**The task**
Return the full listing unchanged, apart from leaving out its images.

**Source data**
• • • • • • •
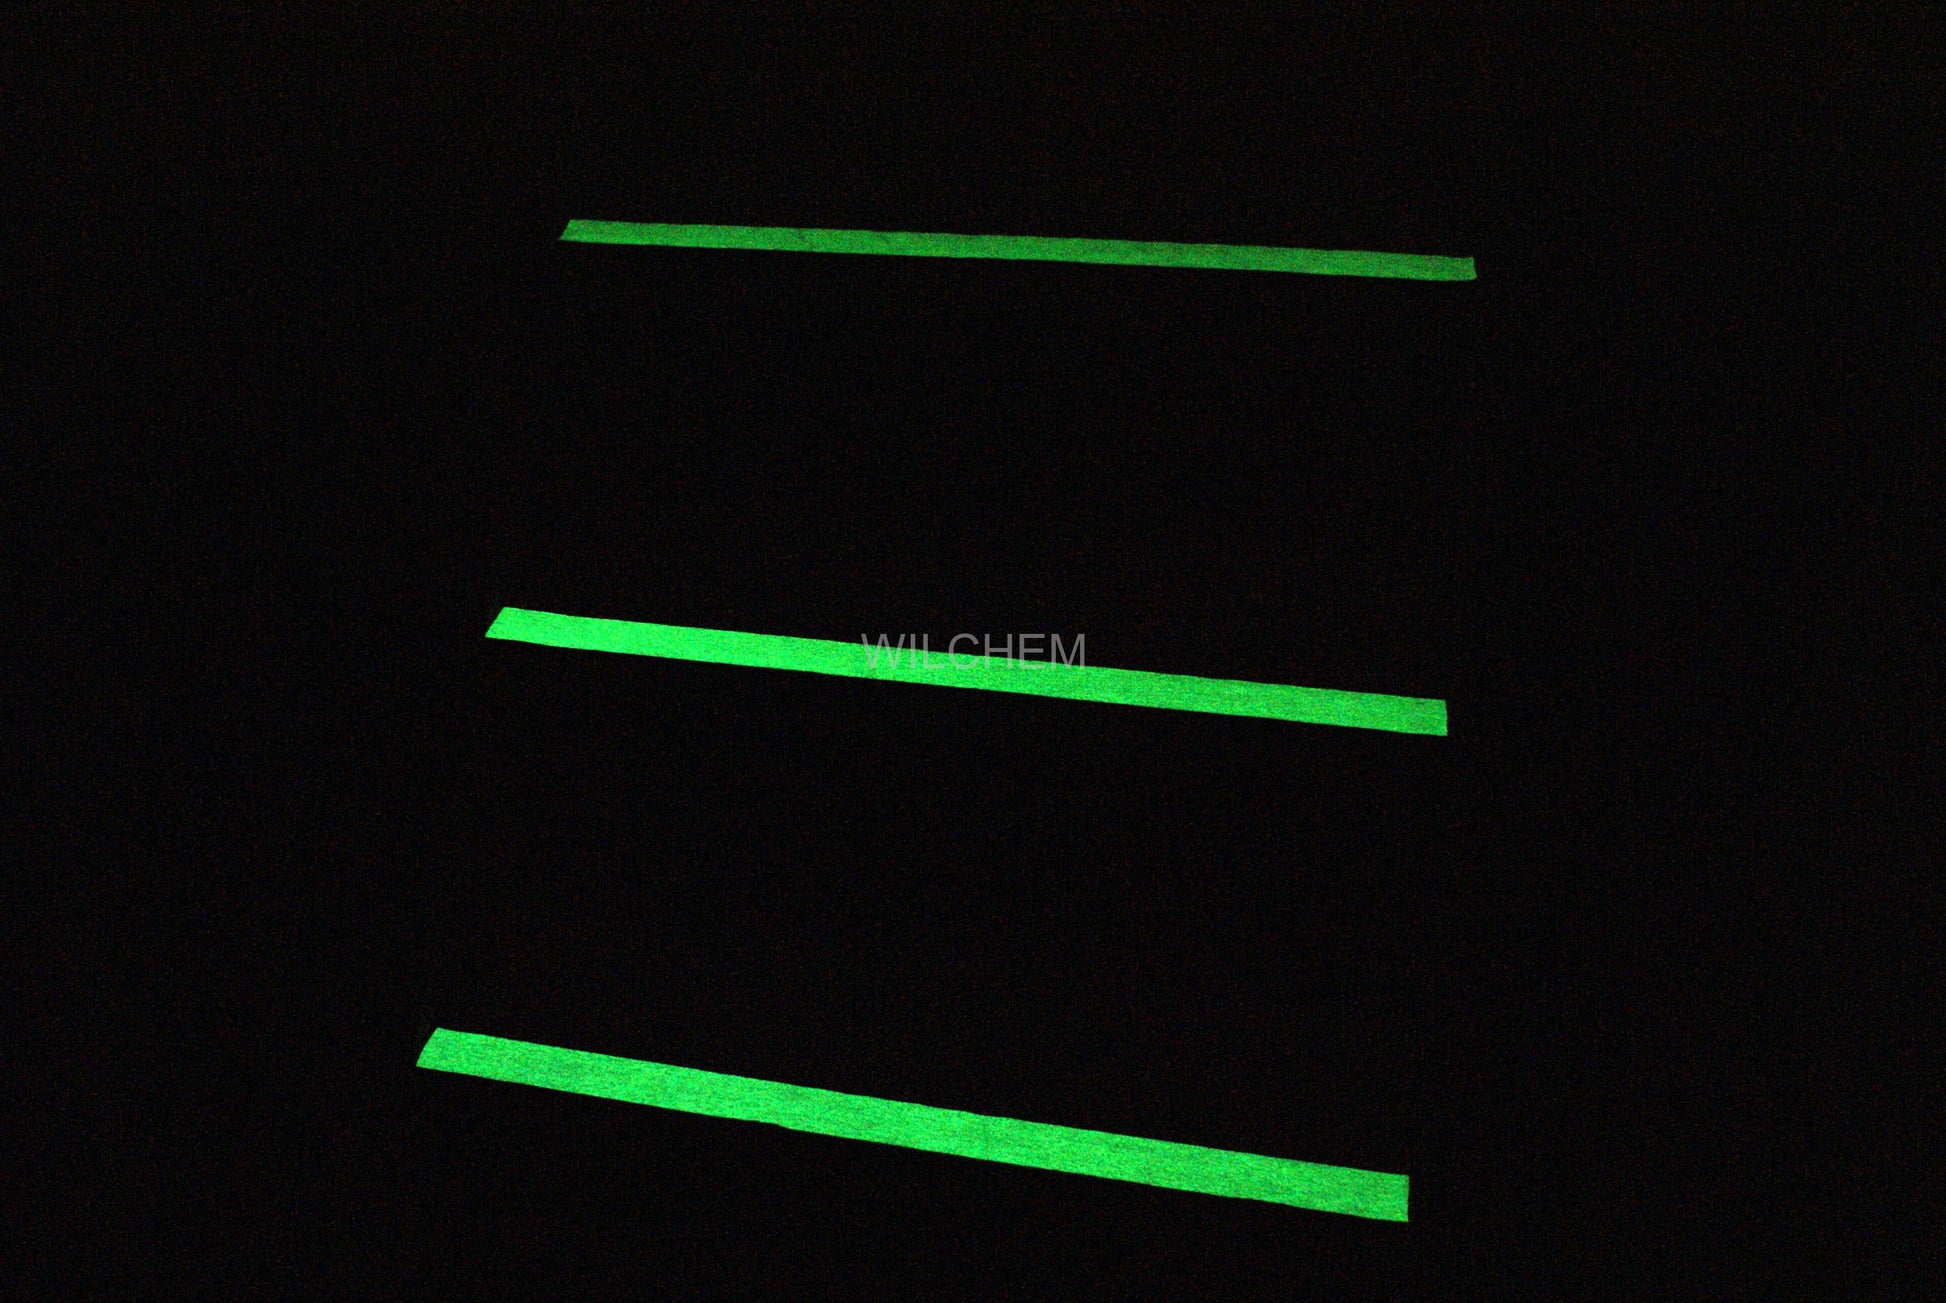  For areas that can be tricky to navigate in low light or light-out situations, applying glow-in-the-dark safety tape can help illuminate the area, allowing you to quickly, calmly, and safely navigate them in time of need. All steps and platforms, if applicable, can be highlighted.
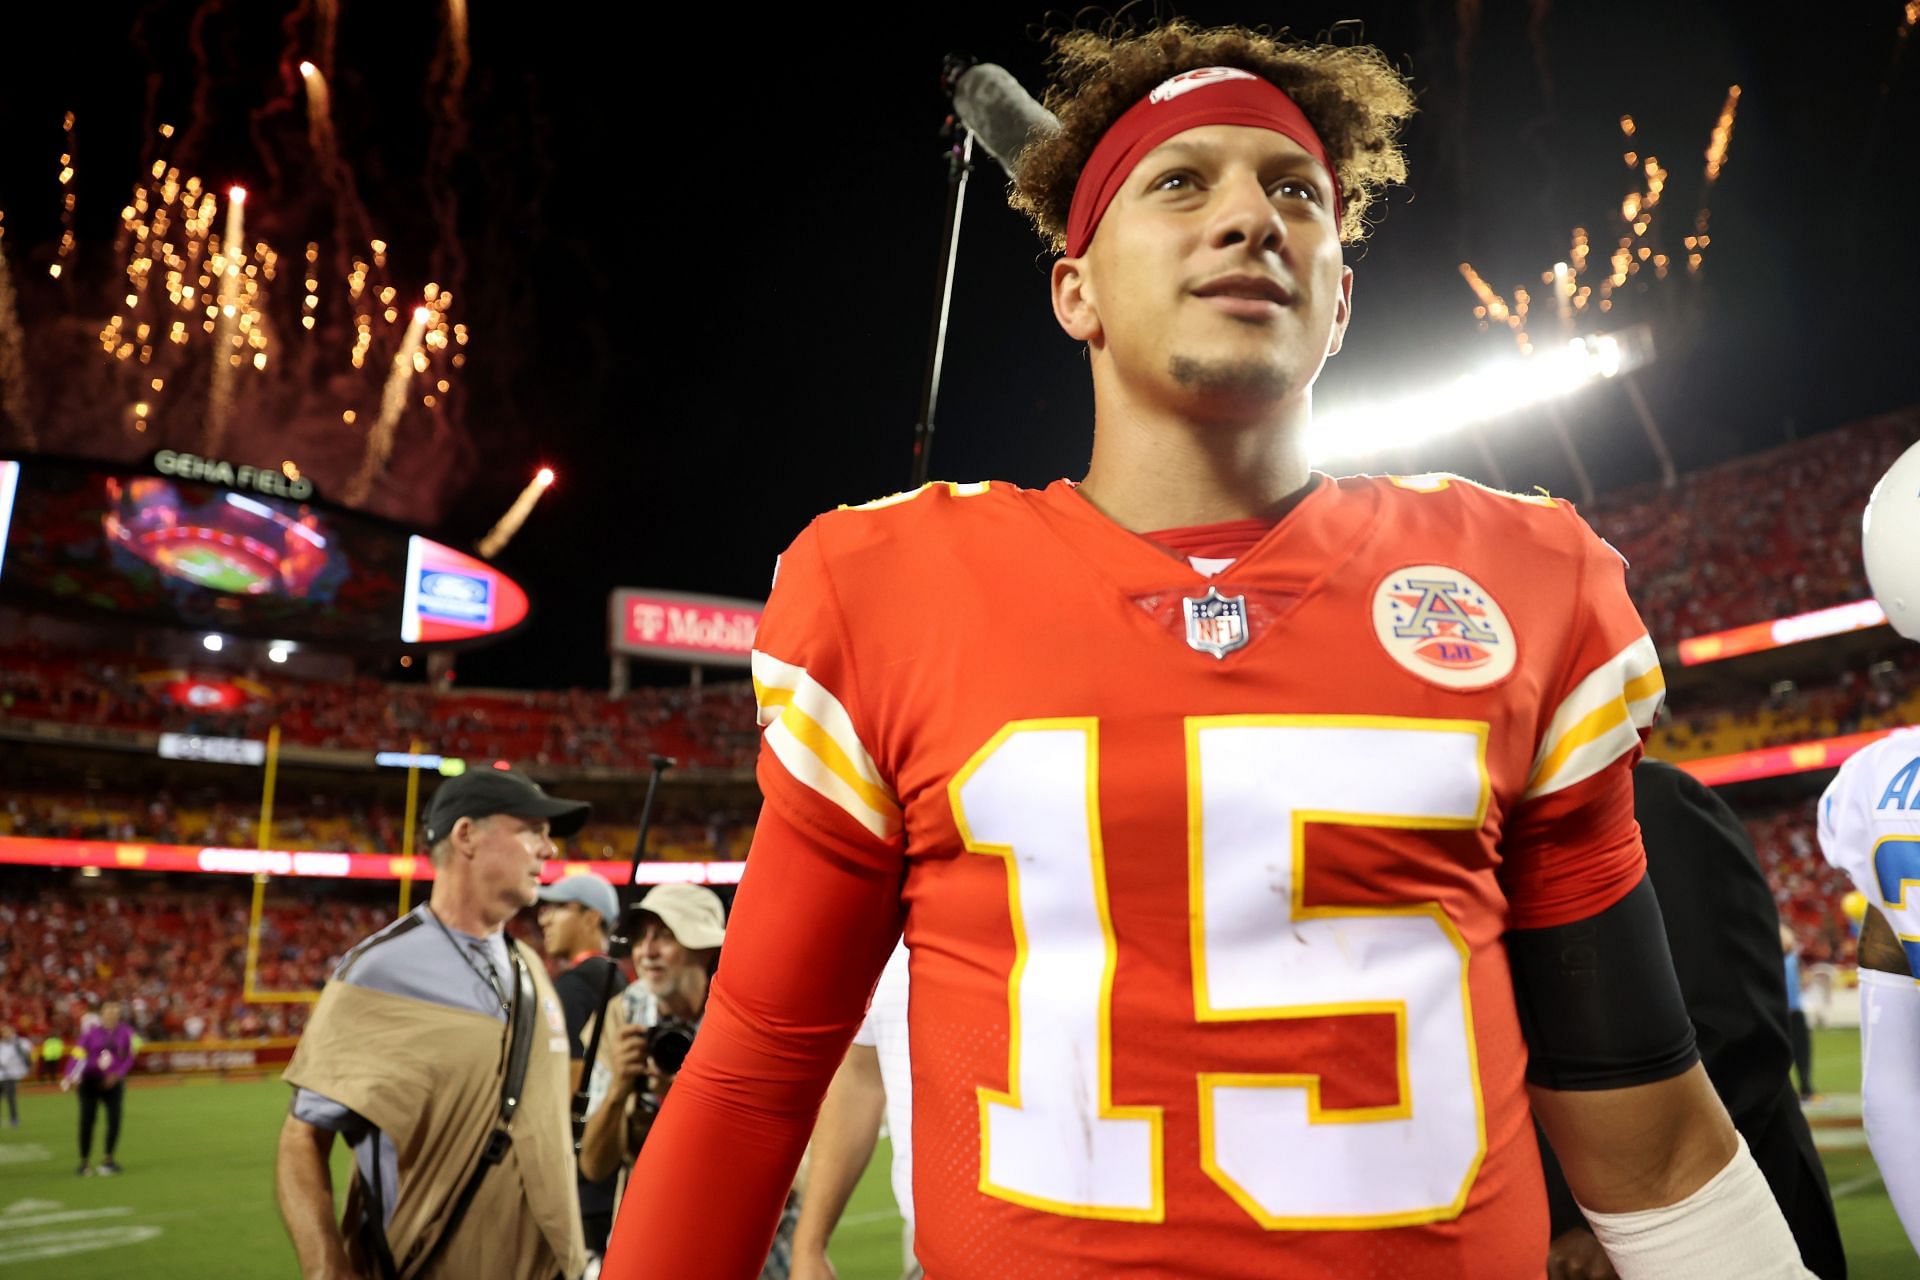 Patrick Mahomes' best teammate? His ❤️ baby Sterling, who just
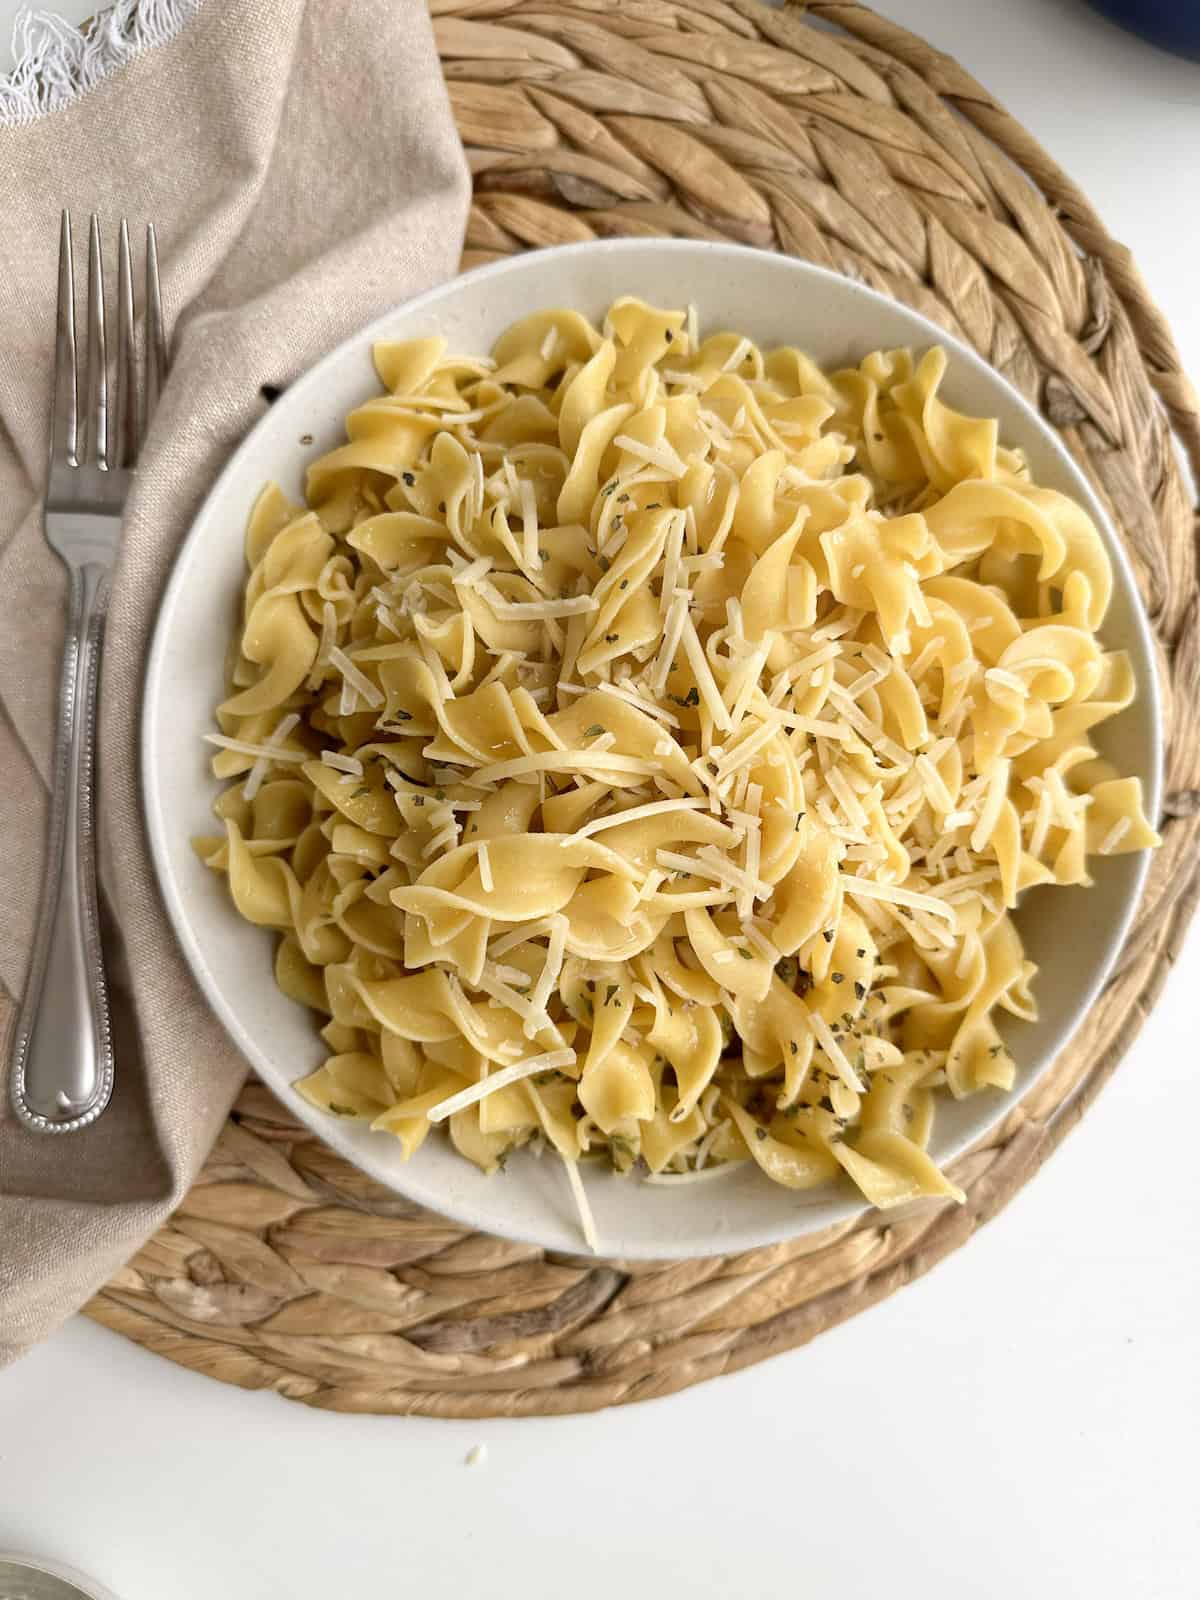 Buttered noodles in a bowl with a fork and napkin.
• • • • • • •
**Exercise result**
  For areas that can be tricky to navigate in low light or light-out situations, applying glow-in-the-dark safety tape can help illuminate the area, allowing you to quickly, calmly, and safely navigate them in time of need. All steps and platforms, if applicable, can be highlighted.
 Patrick Mahomes' best teammate? His ❤️ baby Sterling, who just
 Buttered noodles in a bowl with a fork and napkin.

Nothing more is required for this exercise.